The function signature changes, and the encoded data becomes a direct sequence of the function signature followed by the encoded values of each parameter, in order, with no need for placeholders. Each value is simply padded according to its type (left for static, right for dynamic elements within the static array).

Using Libraries for Encoding

Manually constructing these data strings is complex and error-prone. Libraries like web3j handle this encoding automatically. Their core functions work by:

  1. Building the function signature.
  2. Calculating the total size of the data payload.
  3. Iterating through each parameter:

    • For static types, it encodes and appends the value directly.
    • For dynamic types, it appends a placeholder (the offset to the value's position) and adds the actual encoded value to a separate dynamic data section.
  4. Finally, it appends the dynamic data section to the end of the encoded parameters.
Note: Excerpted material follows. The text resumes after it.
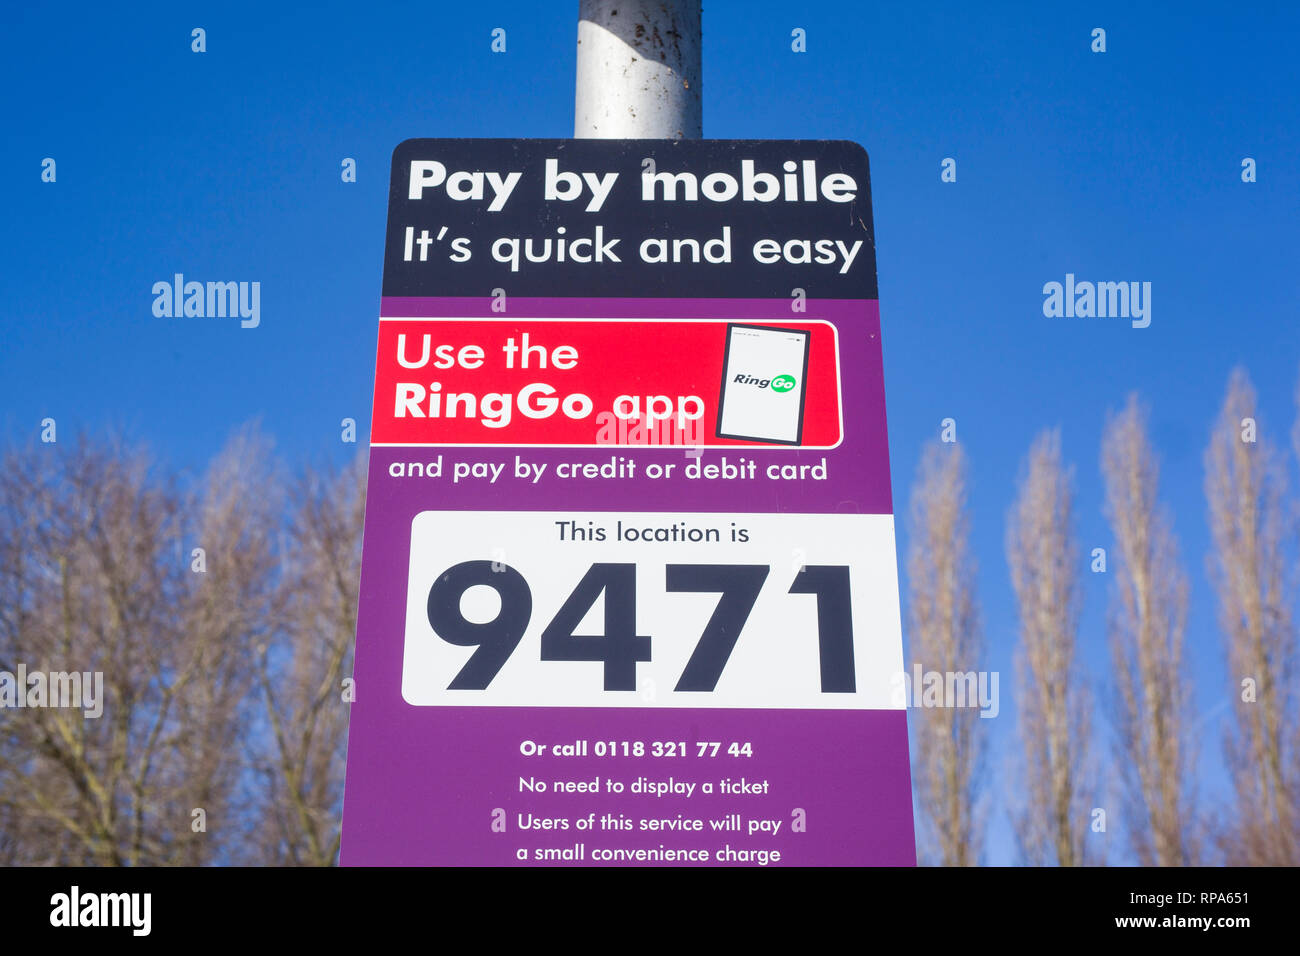 Ringo Parking sign for Pay By Mobile using the Ringo app in Kings Meadows, Reading, Berkshire, Stock Photo
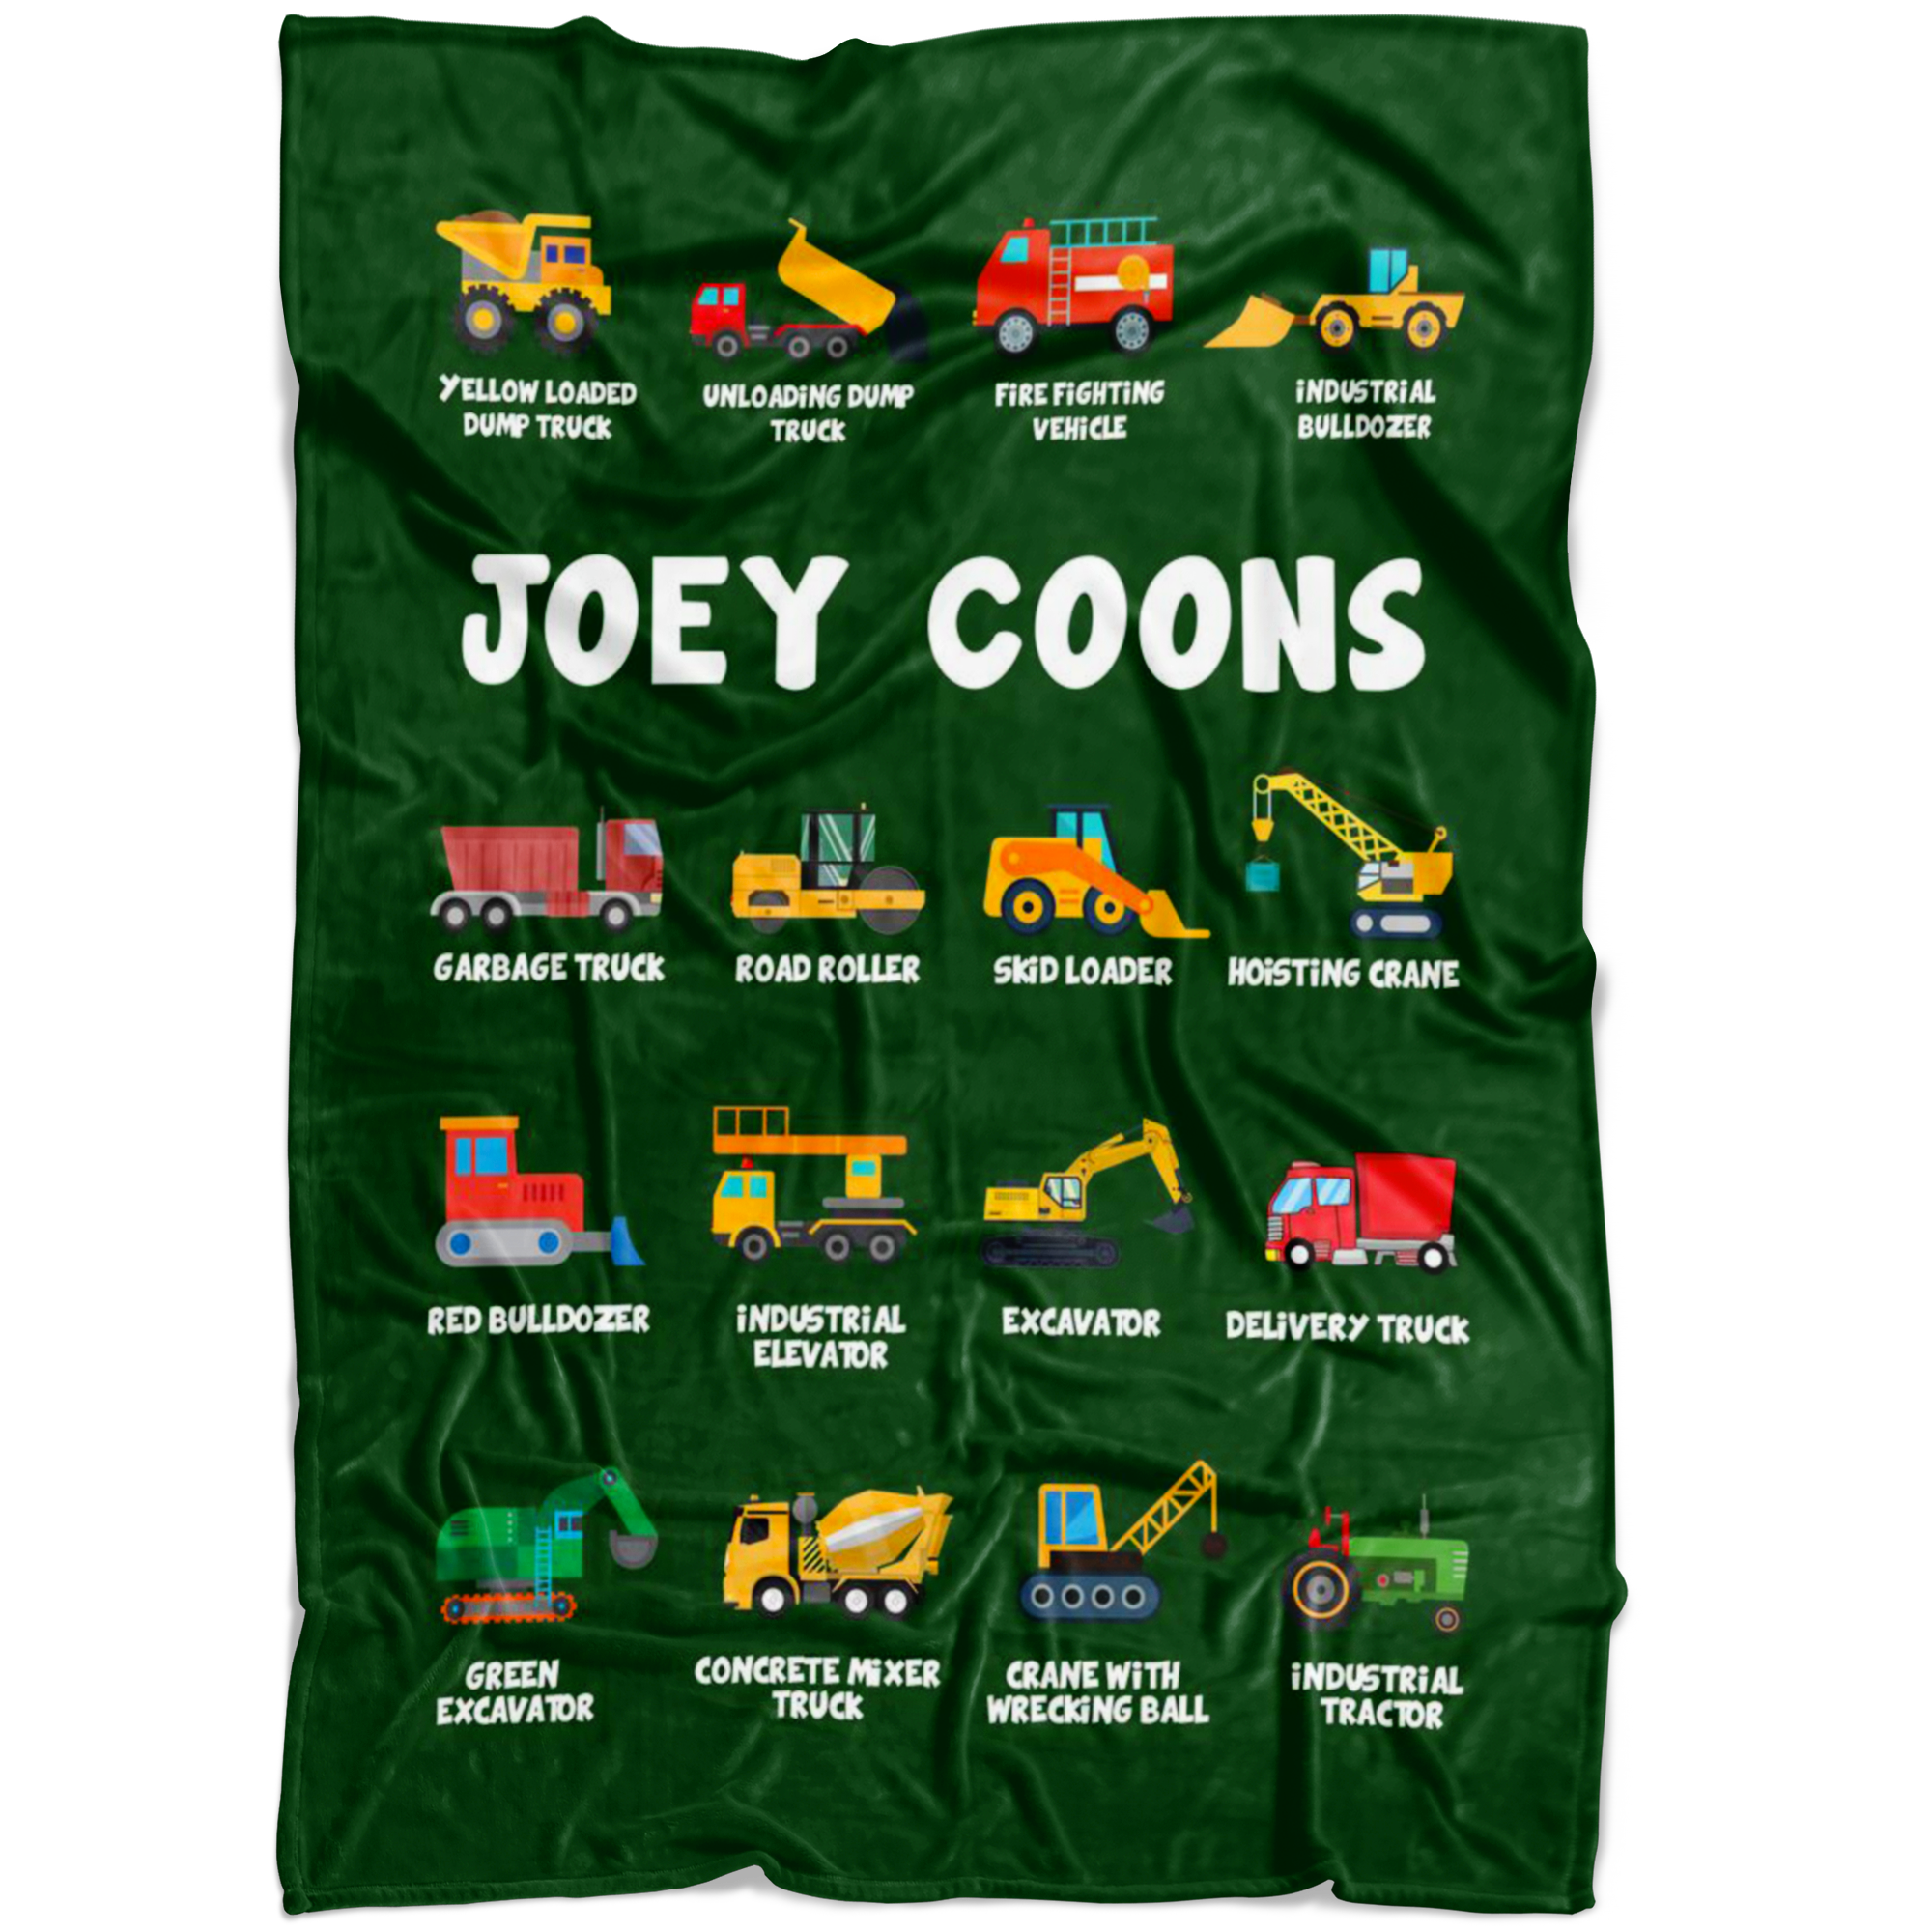 Joey coons Construction Blanket Green

👉 Explore advanced encoding tools and libraries

Constructing the transaction data is just the first step. This raw data is unsigned and has no identity attached. The sender must sign it with their private key. Once signed, the transaction is broadcast to the network, enters the mempool, and awaits validation by miners before being confirmed and added to a block.

Frequently Asked Questions

What is the difference between a transaction and a call?

A transaction writes data to the blockchain, modifies its state, and requires gas fees. A call is a read-only operation that queries data from the blockchain; it does not change state or require gas.

Why is transaction data encoded in hexadecimal?

The Ethereum Virtual Machine (EVM) is designed to process bytecode directly. Hexadecimal encoding is a human-readable representation of this binary bytecode, making it easier for developers to debug and analyze transactions.

What is a function signature (MethodID)?

A function signature is a unique identifier for a smart contract function. It is typically the first 4 bytes (8 hex characters) of the Keccak-256 hash of the function's name and parameter types (e.g., transfer(address,uint256)).

How are dynamic arrays handled in transaction encoding?

Dynamic arrays require a two-part encoding. First, a placeholder (offset) is inserted in the main parameter list to indicate where the array data starts. Then, the actual array data—comprising the array length followed by each element—is appended to the end of the transaction data.

Can I construct transaction data without a library?

While technically possible, manually encoding transactions, especially those with dynamic parameters, is highly complex and prone to errors. It is strongly recommended to use established libraries like web3j, ethers.js, or web3.py for reliability and security.

What happens after the transaction data is constructed?

The constructed data is unsigned. The sender must sign it with their private key to create a valid transaction. This signed transaction is then broadcast to the Ethereum network to be processed and included in a block.